Norshield decided to explore voice over IP (VoIP) as a way to eat up that unused bandwidth, and save money at the same time — the firm faced some hefty telecom bills thanks to its far-flung offices.

“We were spending about $14,000 to $15,000 a month on long distance calls,” Smith said. “It was getting to be a significant number.”

Voice over IP puts voice traffic onto an enterprise’s data infrastructure, bypassing the public-switched telephone network (PSTN) and resulting in low long-distance charges.

Norshield chose BCS Global Networks Inc.’s IPC Tone, a VoIP system that passed the financial firm’s analysis.

According to Matthew Smith, Norshield’s IT manager, BCS offered to engineer the network to satisfy particular needs of each Norshield location. Toronto, for instance, is Norshield’s Canadian sales hub. Employees in this location make mostly local calls to nearby customers. The Toronto bureau has advanced calling features, so workers can create ad-hoc phone conferences.

BCS also provides Norshield with video capabilities. Both video and voice are “hosted” — the routers and computers that support the systems reside with BCS, not with Norshield, said Dan Tanel, BCS’ CTO in Richmond Hill, Ont.

Smith, Norshield’s CEO, said the hosted solution made sense for his firm. “The analysis indicated that with the pricing we were able to get at BCS, we were better off to go with their method than do it ourselves.”

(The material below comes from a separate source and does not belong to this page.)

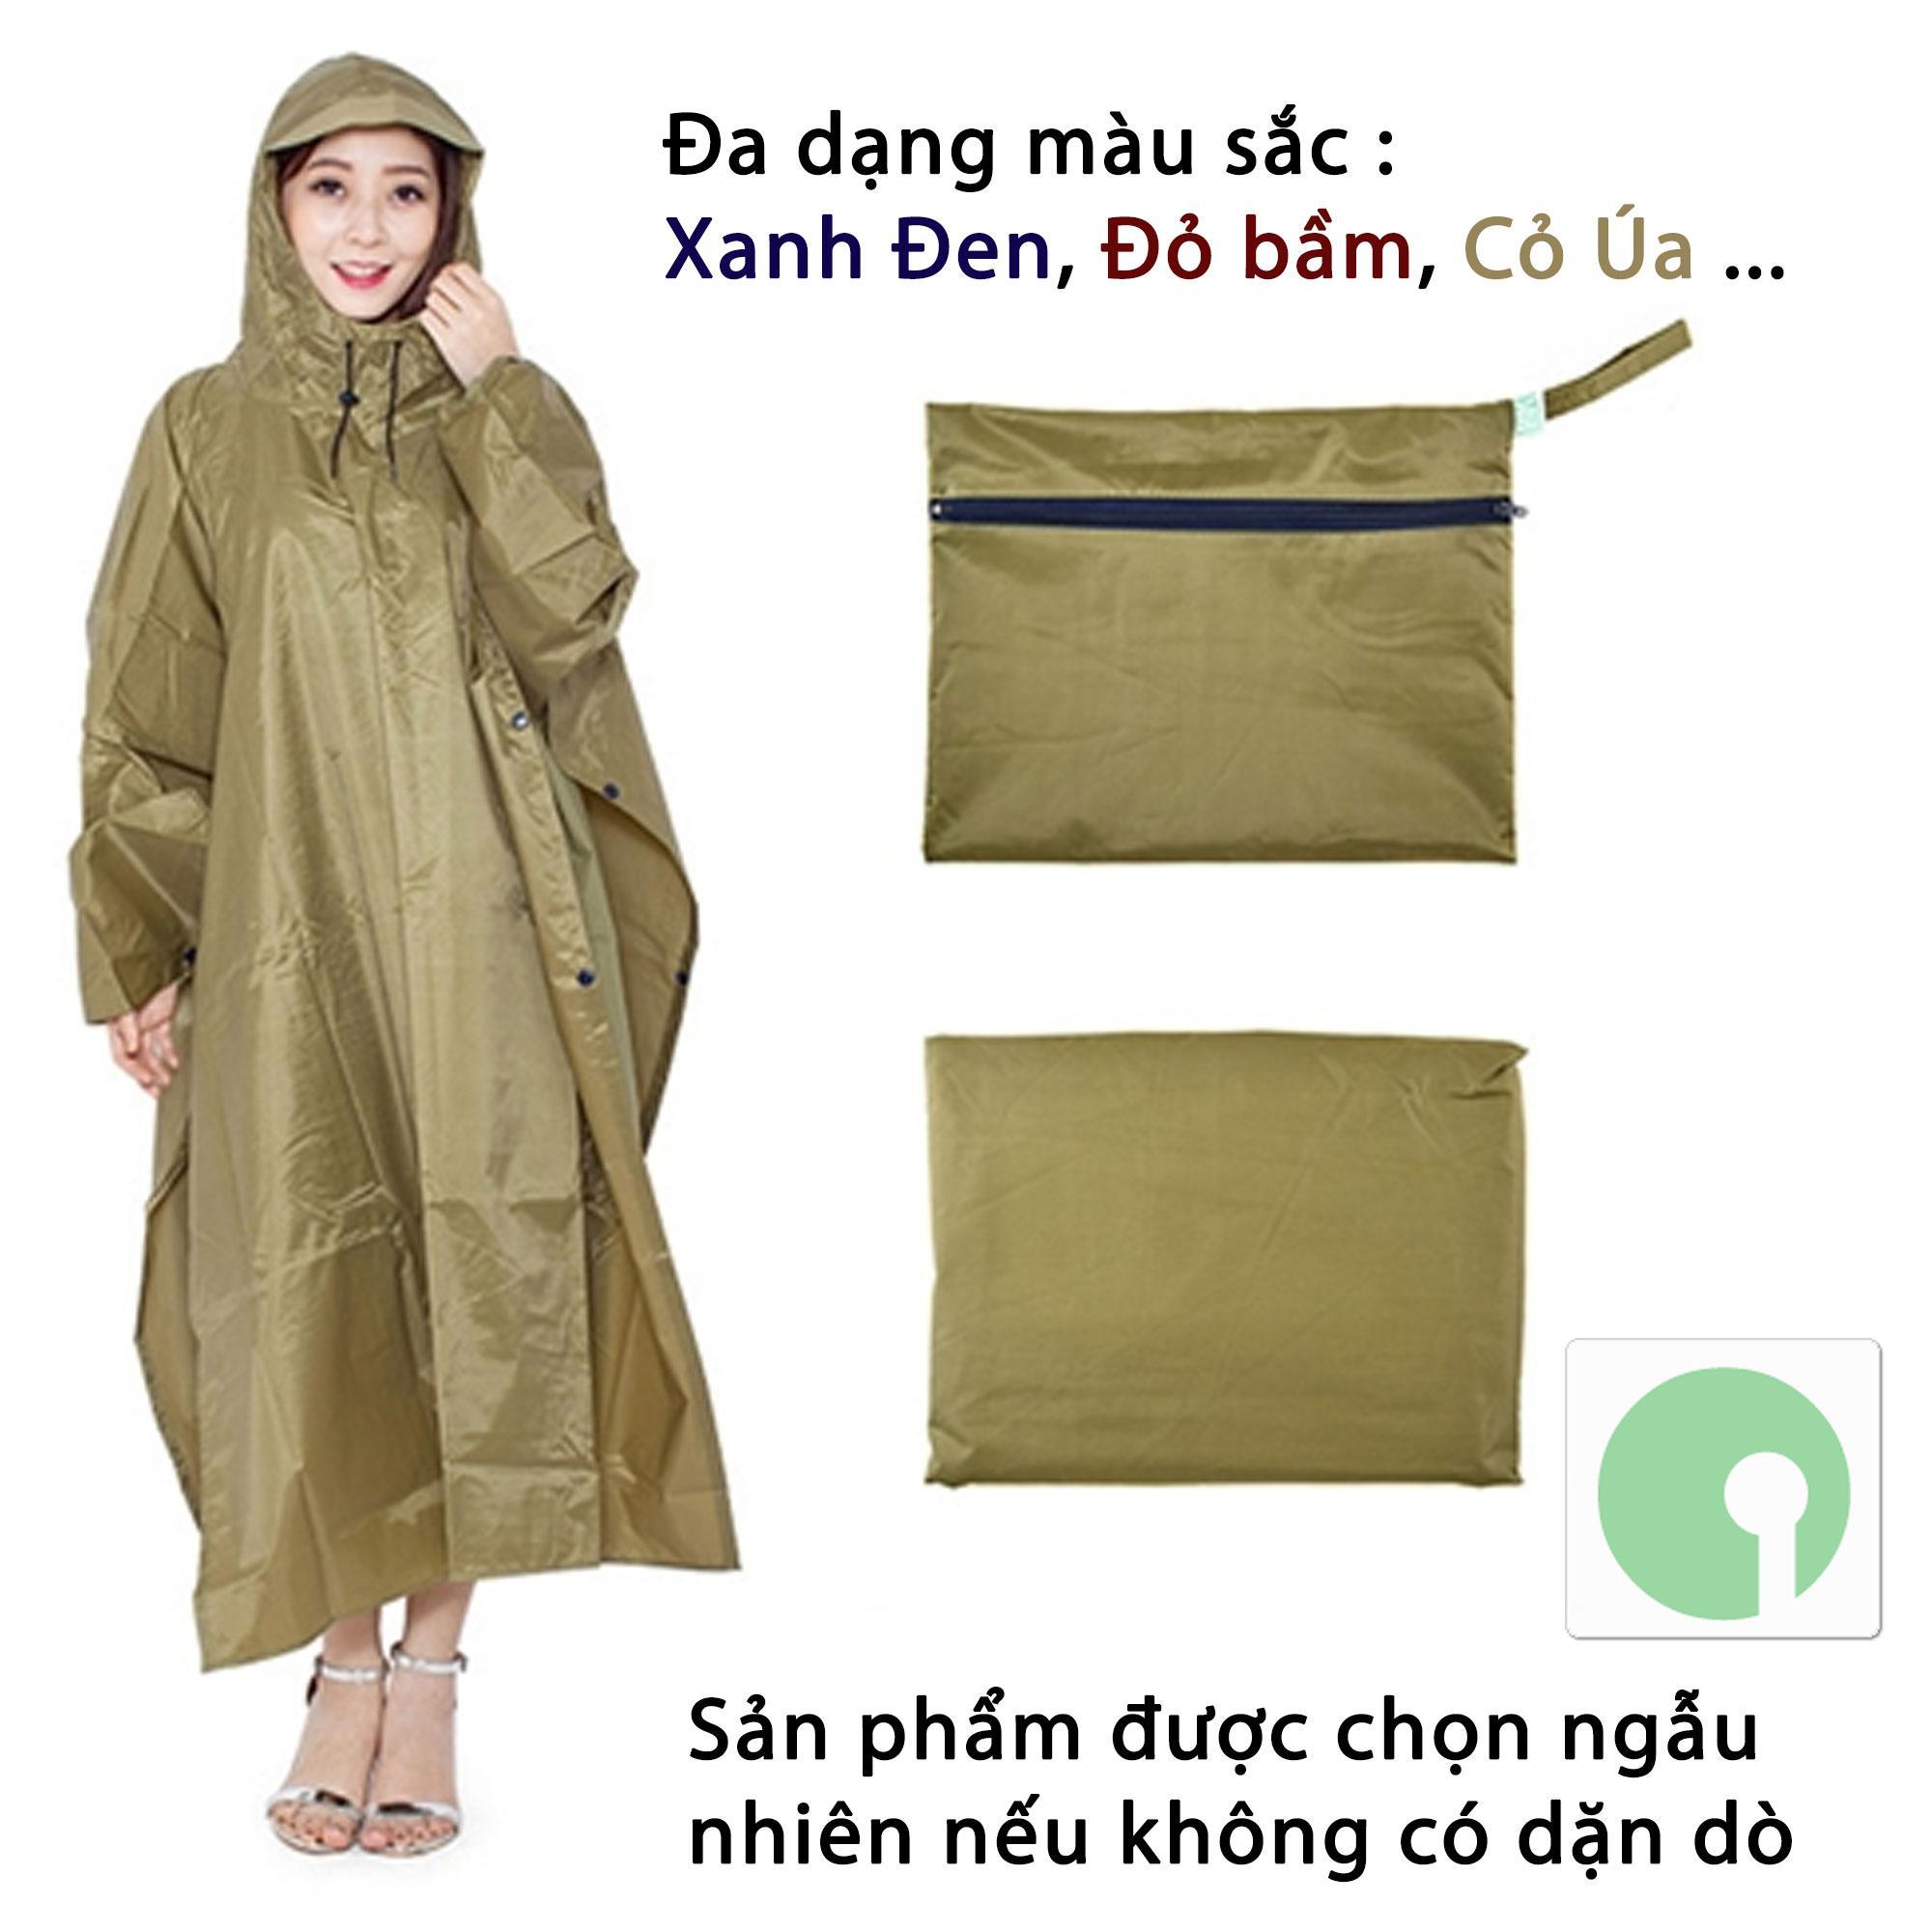 SaleOff - Áo mưa cánh dơi (xẻ tà) vải dù cao cấp loại lớn 1m4 - che kín 2 người mùa mưa - NPD-AMD-3786 (Nhiều màu)

According to Jon Arnold, VoIP program leader and industry analyst at Frost & Sullivan in Toronto, hosted IP phone systems could cause some companies to reconsider their communications methods. He said large firms that shunned earlier hosted voice services like Centrex might decide in favour of hosted VoIP, because this newer service presents features that weren’t available on Centrex, such as easy management.

For the most part, however, large companies will probably stick with their premises-based phone equipment. “It sounds simplistic, but they like to own their own stuff and they probably have the IT infrastructure to maintain it,” Arnold said.